= Nandhikesvarar Temple, Thenur =

Shiva temple in Perambalur district, Tamil Nadu, India

Nandhikesvarar Temple is a Hindu temple dedicated to the deity Shiva, located at Thenur in Perambalur district, Tamil Nadu, India.

==Vaippu Sthalam==
It is one of the shrines of the Vaippu Sthalams sung by Tamil Saivite Nayanars Appar and Sambandar. This place is also known as Mathuvapuri.

==Presiding deity==
The presiding deity in the garbhagriha, represented by the lingam, is known as Nandhikesvarar. The goddess is known as Mahasambathgowri and Perunthiru Piratti.

==Specialities==
The presiding deity is wonderful to look at. In front of the shrine of the presiding deity, in the mandapa, the sculpture of Saraba is found.
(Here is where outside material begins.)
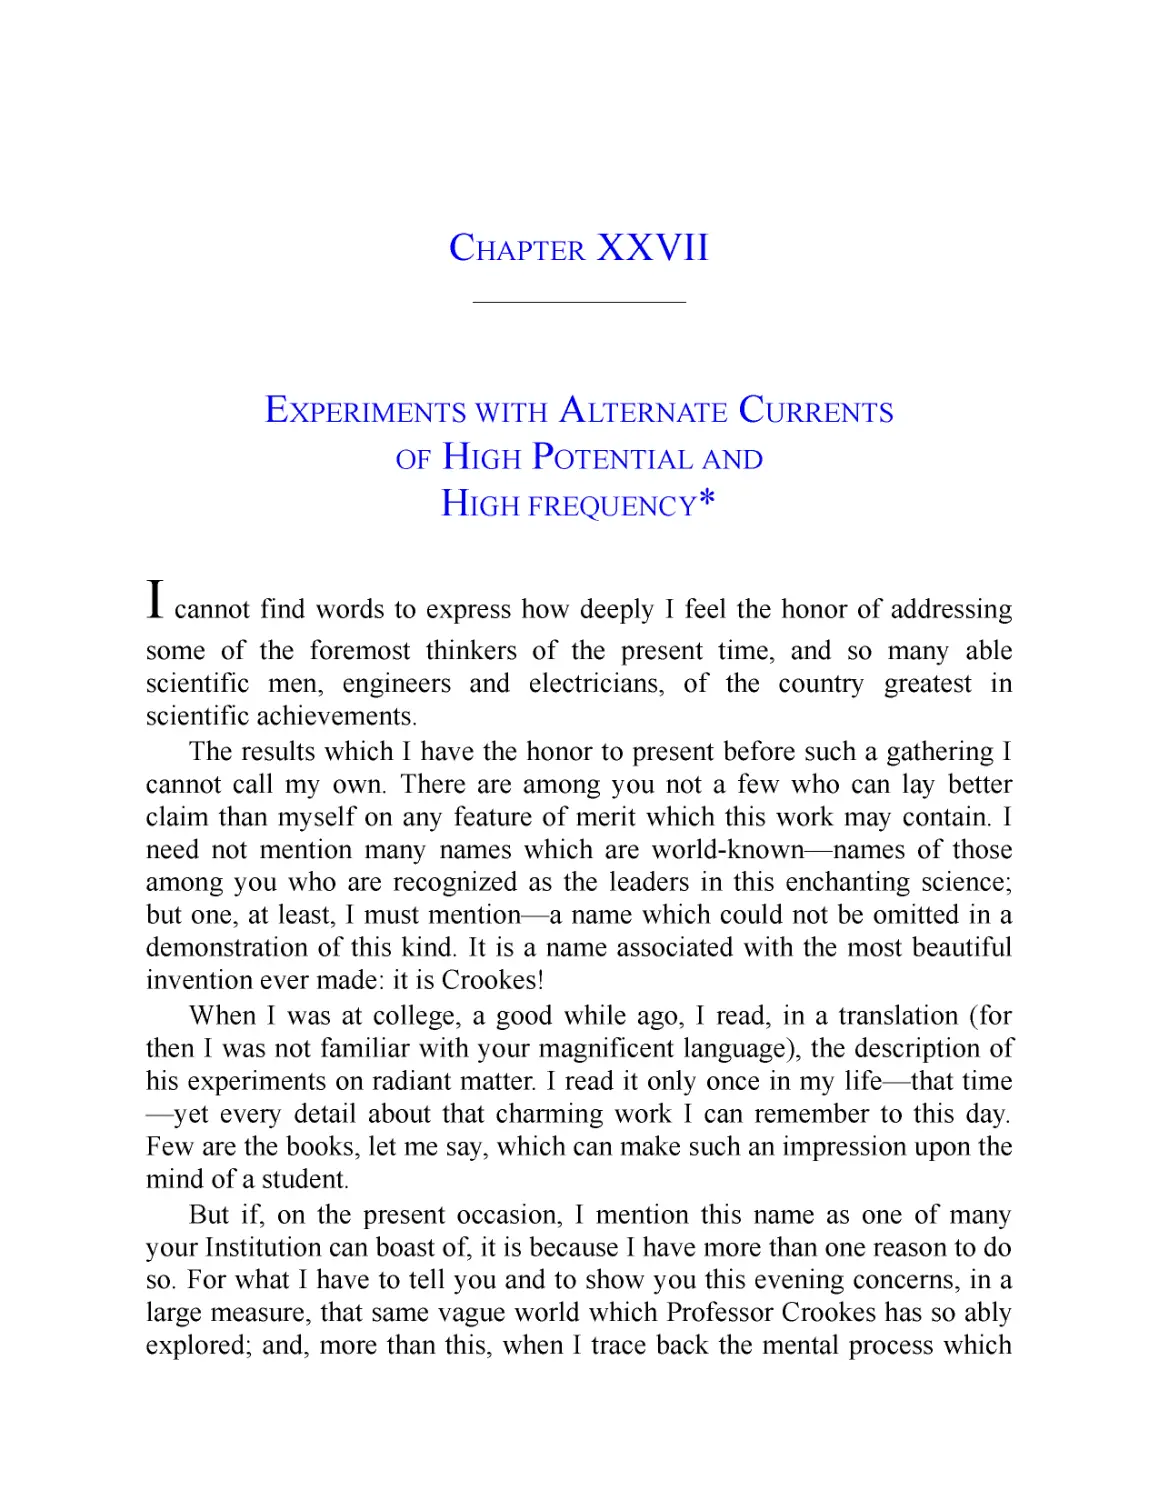 ﻿Chapter XXVII: Experiments with Alternate Currents of High Potential and High Frequenc

Zamindars of Thuraiyur have carried out renovations. In the front mandapa of the east gate, the sculptures of Zambindar and his wife are found on the pillars. Sivaratri and Maham festivals are celebrated in this temple.

==Structure==
In the entrance, at the facade, the stucco sculptures of Vinayaka, Risabarudar, and Subramania are found. After crossing the entrance, the shrine of the goddess is found. She is found in a standing posture. It is facing south. The shrine of the presiding deity is facing east. Dwarapalakas are found on either side of the entrance of the garbhagriha. The shrine of the goddess is facing south. In the Prakara temple, vahanas are kept. Kartikeya with the peacock is found. Sculptures of Bairava, Surya and Navagraha are found. The compound wall is found to be dilapidated. Kosta sculptures are found in the shrines of the presiding deity and the goddess.

==Location==
The temple is at Thenur, 32 km north of Trichy-Thuraiyur road, via Ethumalai in the north. This temple can be reached from Thiruppattur Brahmapurisvarar Temple, located 11 km north-west. One-time puja is held in this temple daily. The temple is found in the Thenur bus stop.